IFRS permits revaluation of intangible assets (except for goodwill). GAAP prohibits revaluation of intangible assets.
Chapter 9-76
Key Points
IFRS requires an impairment test at each reporting date for plant assets and intangibles and records an impairment if the asset’s carrying amount exceeds its recoverable amount. The recoverable amount is the higher of the asset’s fair value less costs to sell or its value-in-use. Value-in-use is the future cash flows to be derived from the particular asset, discounted to present value. Under GAAP, impairment loss is measured as the excess of the carrying amount over the asset’s fair value.
Chapter 9-77
Key Points
IFRS allows reversal of impairment losses when there has been a change in economic conditions or in the expected use of the asset. Under GAAP, impairment losses cannot be reversed for assets to be held and used; the impairment loss results in a new cost basis for the asset. IFRS and GAAP are similar in the accounting for impairments of assets held for disposal.

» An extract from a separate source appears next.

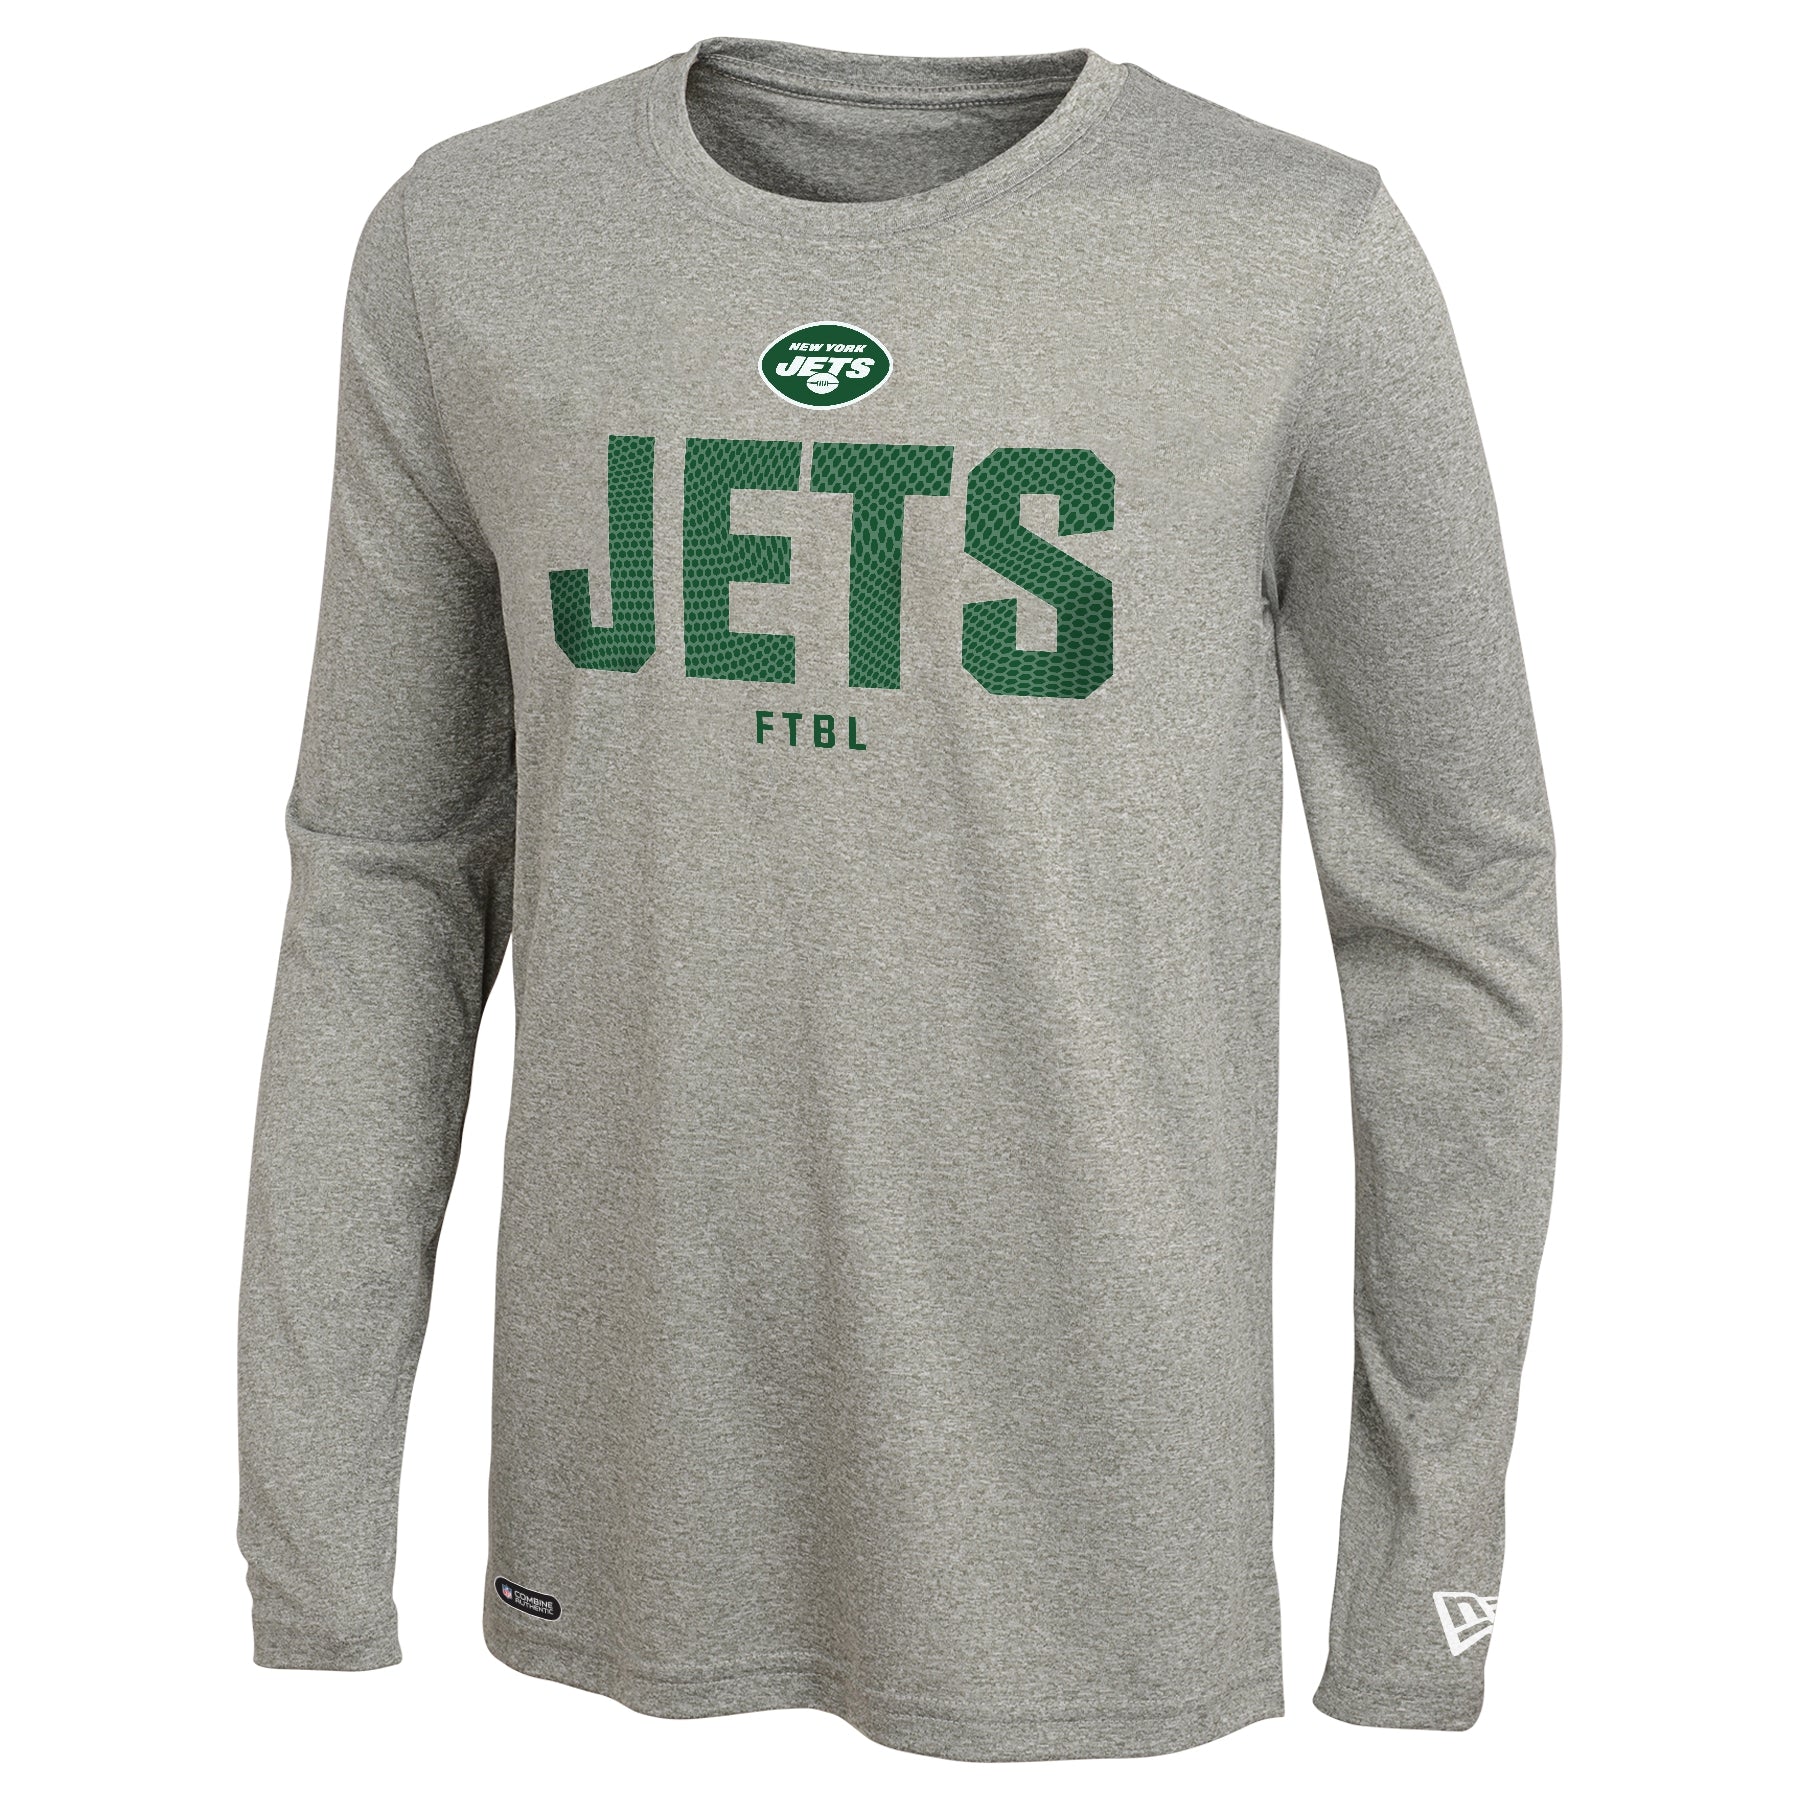 new york jets long sleeve shirt

The accounting for exchanges of nonmonetary assets has recently converged between IFRS and GAAP. GAAP now requires that gains on exchanges of nonmonetary assets be recognized if the exchange has commercial substance. This is the same framework used in IFRS.
Chapter 9-78
Looking into the Future
It is too early to say whether a converged conceptual framework
will recommend fair value measurement (and revaluation
accounting) for plant assets and intangibles. The IASB and FASB
have identified a project that would consider expanded recognition
of internally generated intangible assets. IFRS permits more
recognition of intangibles compared to GAAP. Thus, it will be
challenging to develop converged standards for intangible assets,
given the long-standing prohibition on capitalizing internally
generated intangible assets and research and development costs
in GAAP.
Chapter 9-79
Which of the following statements is correct?

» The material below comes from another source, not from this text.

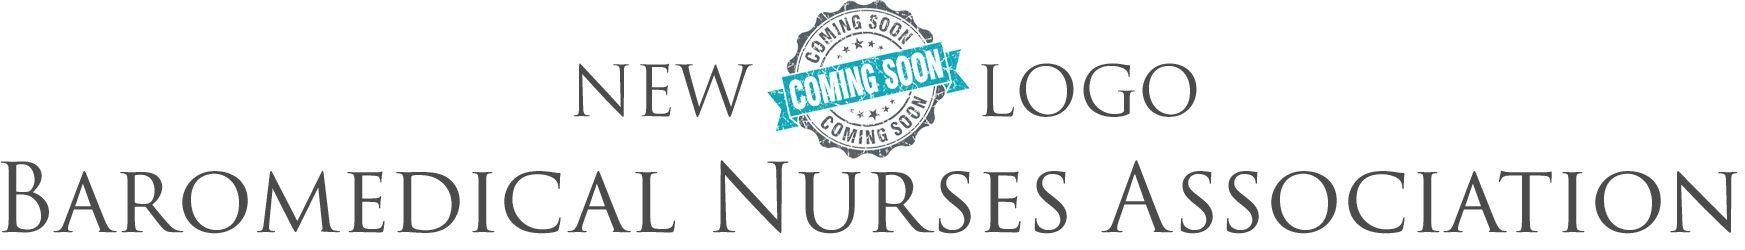 BNA Logo - Baromedical Nurses Association » The BNA is looking for a new logo!

a) Both IFRS and GAAP permit revaluation of property,
plant, and equipment and intangible assets (except for
goodwill).
b) IFRS permits revaluation of property, plant, and
equipment and intangible assets (except for goodwill).
c) Both IFRS and GAAP permit revaluation of property,
plant, and equipment but not intangible assets.
d) GAAP permits revaluation of property, plant, and
equipment but not intangible assets.
Chapter 9-80
Research and development costs are:
a) expensed under GAAP.
b) expensed under IFRS.
c) expensed under both GAAP and IFRS.
d) None of the above.
Chapter 9-81
Under IFRS, value-in-use is defined as:
a) net realizable value.
b) fair value.
c) future cash flows discounted to present value.
d) total future undiscounted cash flows.